Montgomery Street to become home to new mural by student artists

painters painting mural of a blue person with pink hair and purple flowers
Volunteers painting new mural on Montgomery Street

Montgomery Plaza is getting a new look thanks to the PSU COMMA artist collective, staff from the offices of Planning & Sustainability and Transportation & Parking Services, PSU’s Creative Placemaking pilot project, the Portland Bureau of Transportation (PBOT) and City Repair. More than 60 volunteers will be coming together—while socially distanced—to paint a giant student-designed mural on Montgomery Street. This is part of a long term plan to grow the plaza as a pedestrian-friendly community space. 

mural artist Nia Musiba painting
Mural artist Nia Musiba

“This newest effort is really another kickoff of that welcome the PSU community back to this part of campus and this part of downtown and to create some energy in the community and excitement at PSU,” says Liz Hoekstra, Senior Campus Planner with PSU. “We want campus to feel welcoming, inclusive and safe for everyone.”

That is the aim of the Creative Placemaking pilot project, which is a partnership between the College of Urban and Public Affairs and Planning and Sustainability, which Hoekstra is co-directing with Dr. Ellen Shoshkes, of the Toulan School of Urban Studies and Planning.  
The segment of Montgomery Street between Southwest 6th Ave. and Broadway has been closed to traffic since March 2019 and had become a vibrant event and informal meeting space, complete with furniture and lighting, with the launch of the Montgomery Street Pop-Up Plaza in May 2019.
As part of the 2019 Pop Up Plaza, volunteers painted the street with a design by student Sadie Jordan, but the street had to be repaved when an underground pipe burst.
The new mural was designed by Nia Musiba, Naomi Likayi, Sonia Chavez, all student leaders with Comma, a group of BIPOC (Black, Indigenous, and People of Color) students from PSU’s graphic design program. The trio coordinated their design over Zoom. 

Mural artists Sonia Chavez (left) and Nia Musiba (right)
Mural artists Sonia Chavez (left) and Nia Musiba (right)

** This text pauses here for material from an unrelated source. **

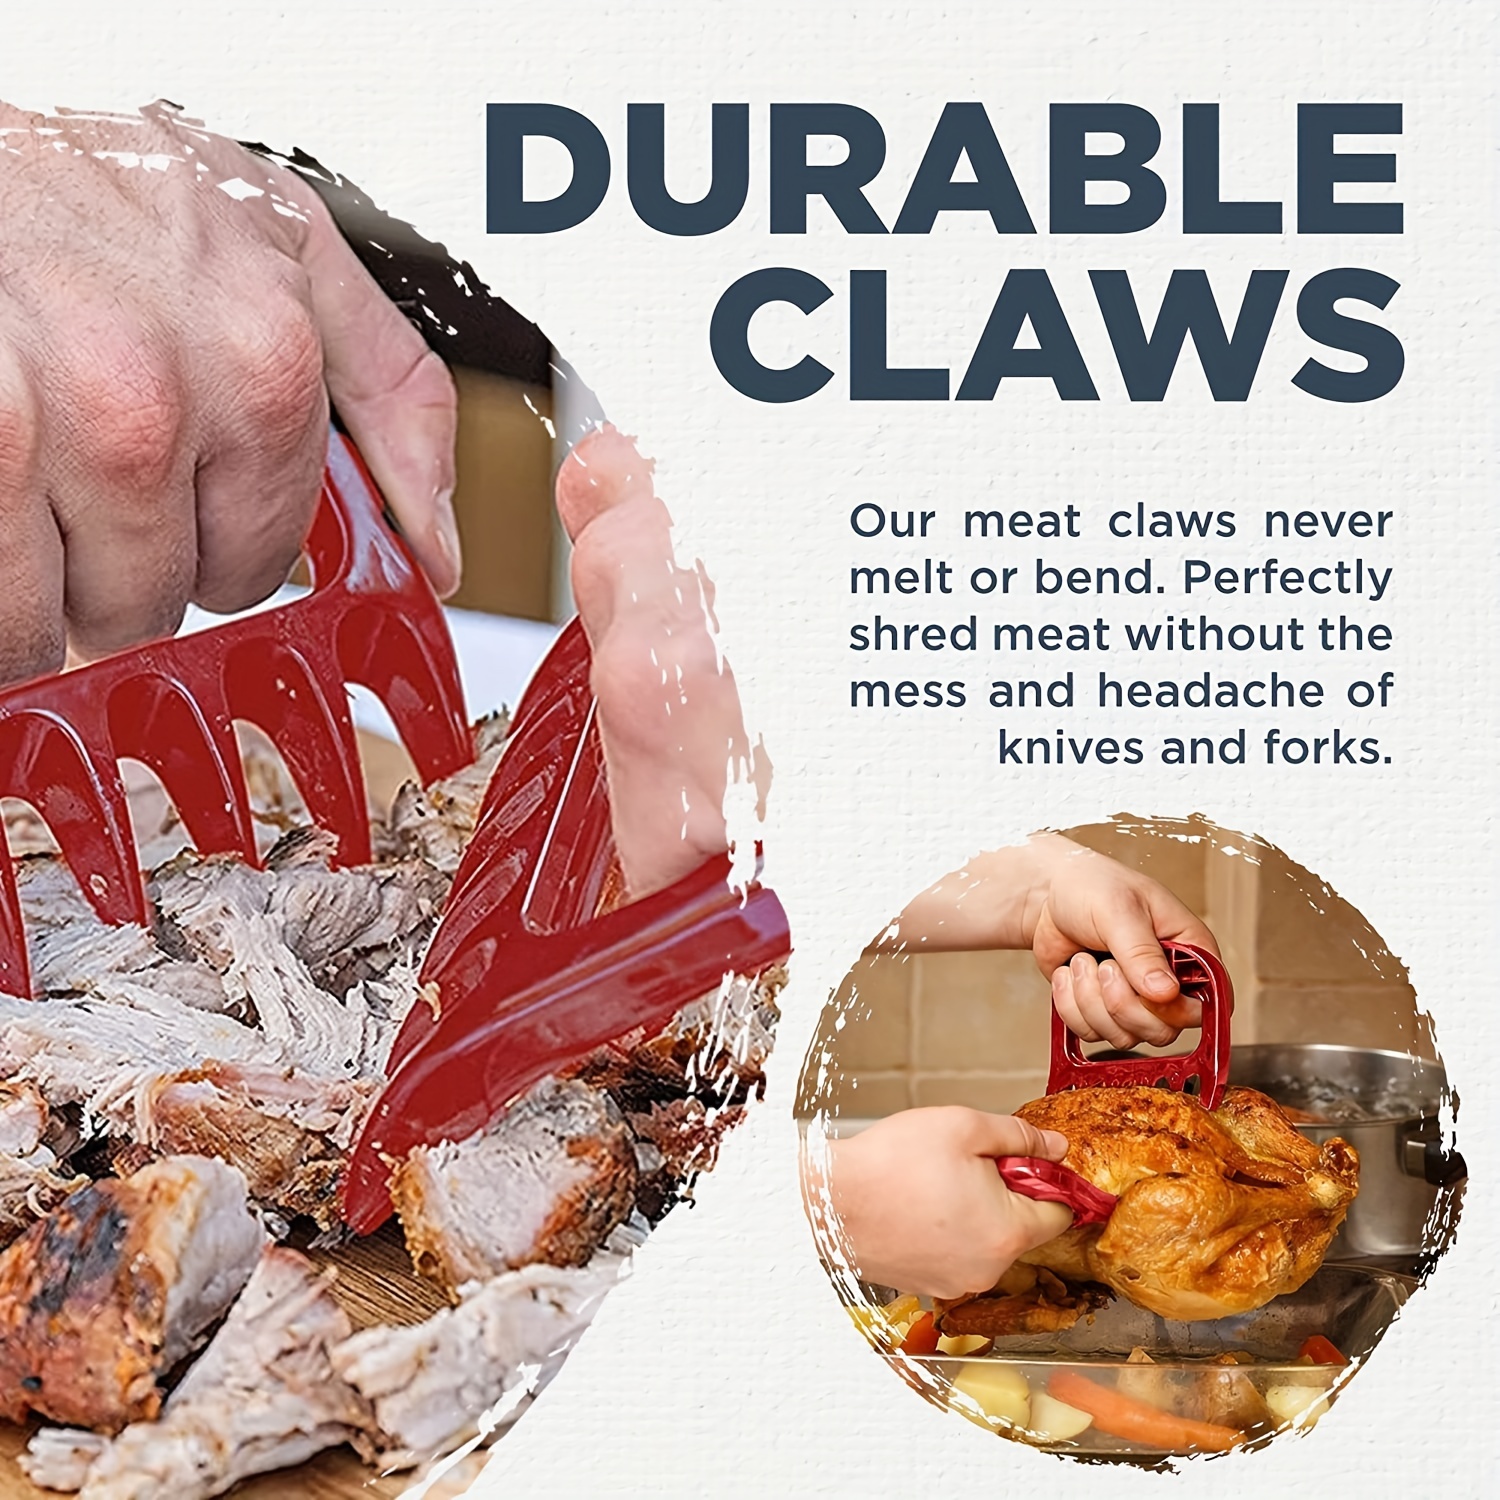 Metal Meat Shredder Claws - GDHH1357 - IdeaStage Promotional Products

“The design concept was around the themes of connection and community, and I think that naturally worked for us because Naomi, Sonia and I all illustrate a lot of figurative things,” says Musiba. “And then we wanted to keep in mind the location as part of the green street plan and landed on this almost underwater, kind of whimsical thing. We wanted something fun and colorful.”
Musiba has been painting murals for two years and was featured on OPB’s Art Beat. This was her first time designing a mural on the ground and at this scale.
“The learning experience already has been incredible,” she says. 
The mural project, including payment for the student artists, is being paid for by a sponsorship from PBOT’s Healthy Business Summer Plaza Activation pilot program. City Repair, a non-profit that organizes street painting and other civic placemaking projects, is assisting with logistics like laying out the grid for the mural and securing paint for the project. Four artists from City Repair will also be on site during the actual painting. 

overview of new mural
Painters finishing new mural

Volunteers will work in shifts on September 14 and 15 to complete the mural and will take COVID precautions including wearing masks and staying distanced. 
Musiba is thrilled that her artwork will be there to meet students as they return to campus. “I really like murals because they don't belong to anyone; they’re for everyone to enjoy,” she says. “Just the thought that something that we worked on will be around for everyone is really exciting.”
After the mural is done, furniture will be returned to the space and the plaza will once again be home to public events. PSU students, staff, and faculty, as well as the surrounding community are encouraged to use the space for both formal and informal gatherings and events. Stay tuned for news of events sponsored by the Creative Placemaking program this fall.
“I'm really hoping that people see Montgomery Street as a space for everyone, including the whole campus community as well as the people that live in the neighborhood,” says Hoekstra. “I'm excited to see what happens there.”